Friday, October 18, 2013

LINK: View to a killing: why do collectors pay so much for James Bond first editions?

Here's a nice article by Rick Gekoski in The Guardian about the escalating values of Ian Fleming James Bond First Editions. Click the headline to read.

1 comment:

  1. That's a very good article, despite the inexplicable exclusion of Raymond Benson from the opening list of continuation authors. But it poses a very interesting question at its core: what makes Fleming a more collectible author than so many of his contemporaries or followers? I think the article hints at an answer (nostalgia is certainly part of it, as is the need to identify with iconic heroes, as the author suggests, but not ALL, I don't think) but leaves the topic wide open for discussion.

    I started collecting Bond books in 1989, not yet even a teenager. (And boy am I glad today, because the books I could afford on meager savings from summer jobs and allowance back then I couldn't begin to afford now as a working adult, their value and - crucially - the public's knowledge of that value has increased so much since then.) Throughout the 90s, I scoured used book sales all over New England and worked in a great used bookstore learning more about the used book business.

    The hot "modern firsts" back then were Tom Clancy and Anne Rice. And, to a lesser extent, Michael Crichton, who I also collected. But the values of their books have not increased anywhere near as exponentially as the values of Fleming firsts. We've yet to see how the author's death affects prices, but I recently saw a first edition of The Hunt for Red October sell for a mere fraction of what one sold for twenty years ago, when Jack Ryan was all over movie theaters and bestseller lists. And that's not a common book.

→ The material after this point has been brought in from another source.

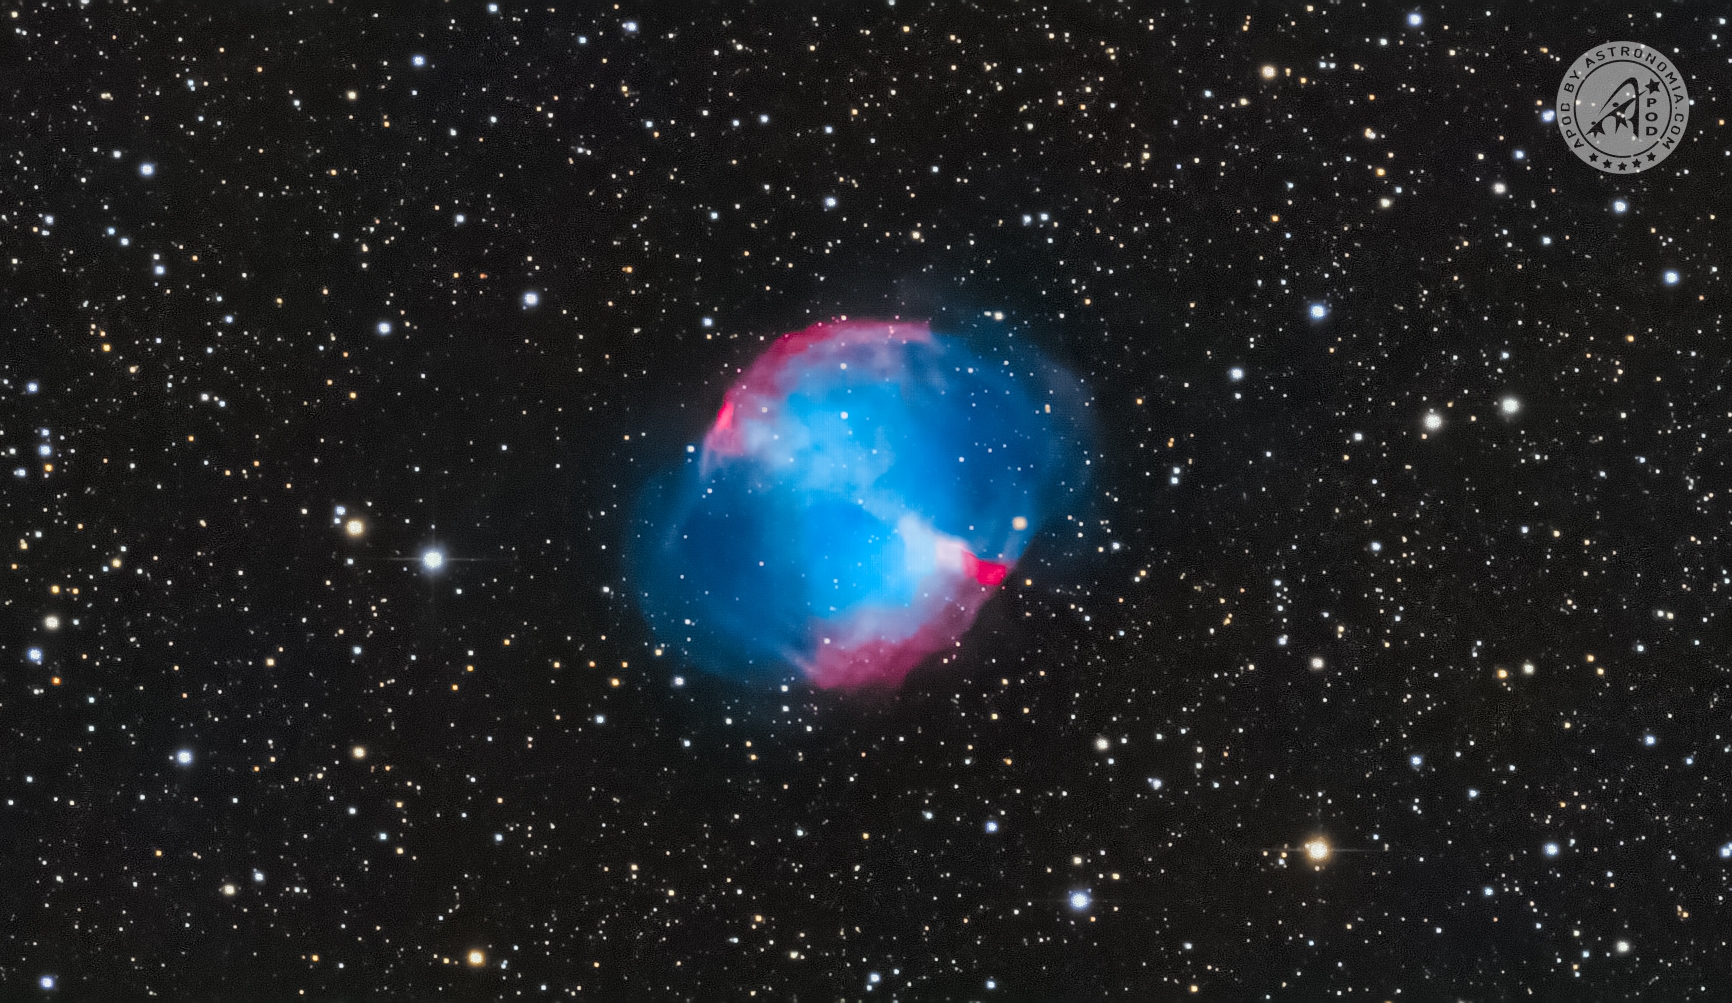 Nebulosa Manubrio M27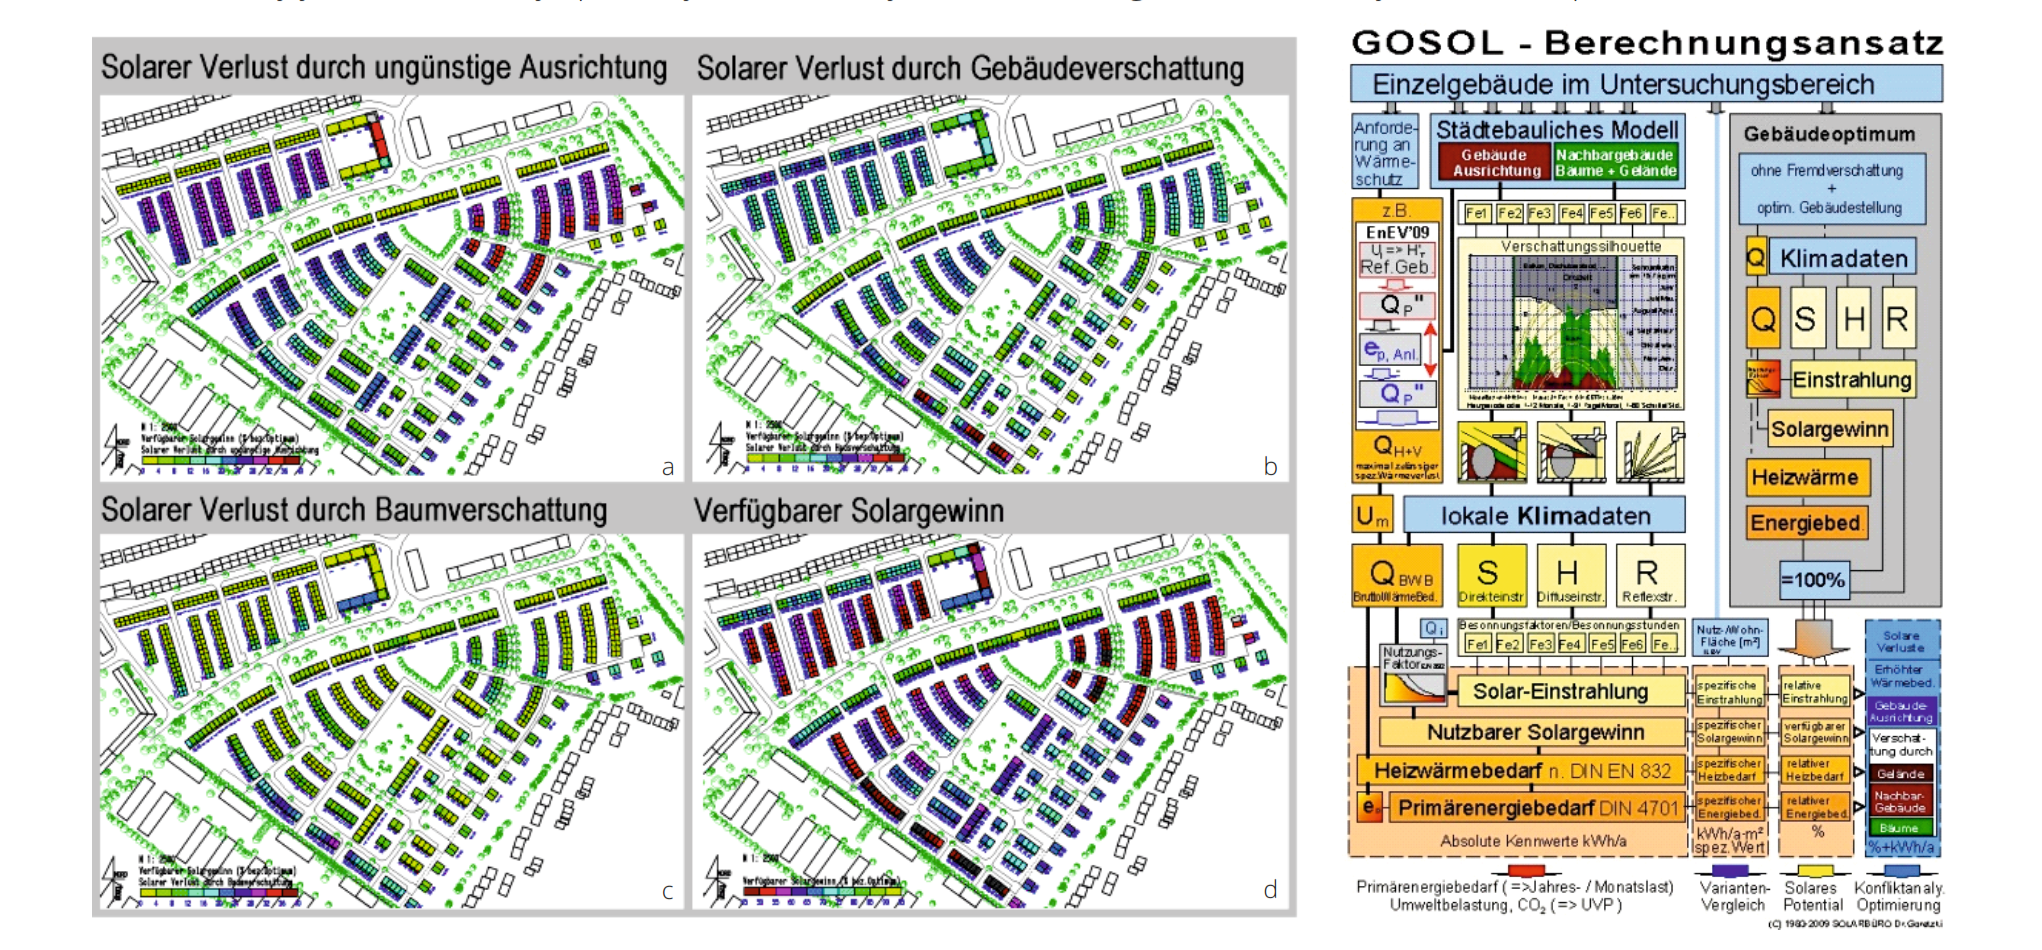 GOSOL – softvér určený na určovanie urbánneho solárneho potenciálu, ktorý vypracoval Peter Goretzki. Vľavo je zobrazený výstup analýzy územia (a – solárne straty dôsledkom nevhodnej orientácie; b – solárne straty dôsledkom zatienenia budovami; c – solárne straty dôsledkom tienenia stromami; d – dostupný solárny zisk). Vpravo je naznačená schéma vstupov, analýz a výstupov tohto programu.

    The values of many modern firsts have dropped in the Internet age, when previously scarce copies have become more widely available. But not with Fleming. All the Internet has done with Bond is made everyone well aware of what these books go for, so the chances of ever finding a UK First for a bargain price in a little out of the way used bookstore or at a library sale have plummeted to nil. Yet I don't think "the Internet" is the catch-all answer for why Bond books have proved such a stellar investment either.

    The films certainly have SOMETHING to do with it. The fact that the series goes on, reliably (despite a few unbearable gaps) every couple of years serves to keep the character always in the public consciousness, whereas Jack Ryan has been off the screen for years. It keeps Bond from being the passing fad Gekoski seemed to believe it to be when he recommended his clients against buying the books in the early 80s. But by now, I suspect that Bond, like Holmes (as he points out) is so ingrained in culture that even without the films continuing the book values would continue to rise.

    The collectibility can't even be tied in to the books being bestsellers. Because, for part of that time while the films made their lucrative Brosnan-era comeback, the Fleming books were shockingly OUT OF PRINT in America. Between the Berkley silhouette editions and the Penguin editions of the early 2000s, you couldn't buy a Bond paperback in a new bookstore. (During part of that time the MJF harcovers could be found on remainder tables though.) Yet the values on firsts continued to climb.

    I think it's down to a combination of all those factors, but I'm sure there's more to it, too, and I'm eager to hear other people's ideas about what makes Bonds such a great investment.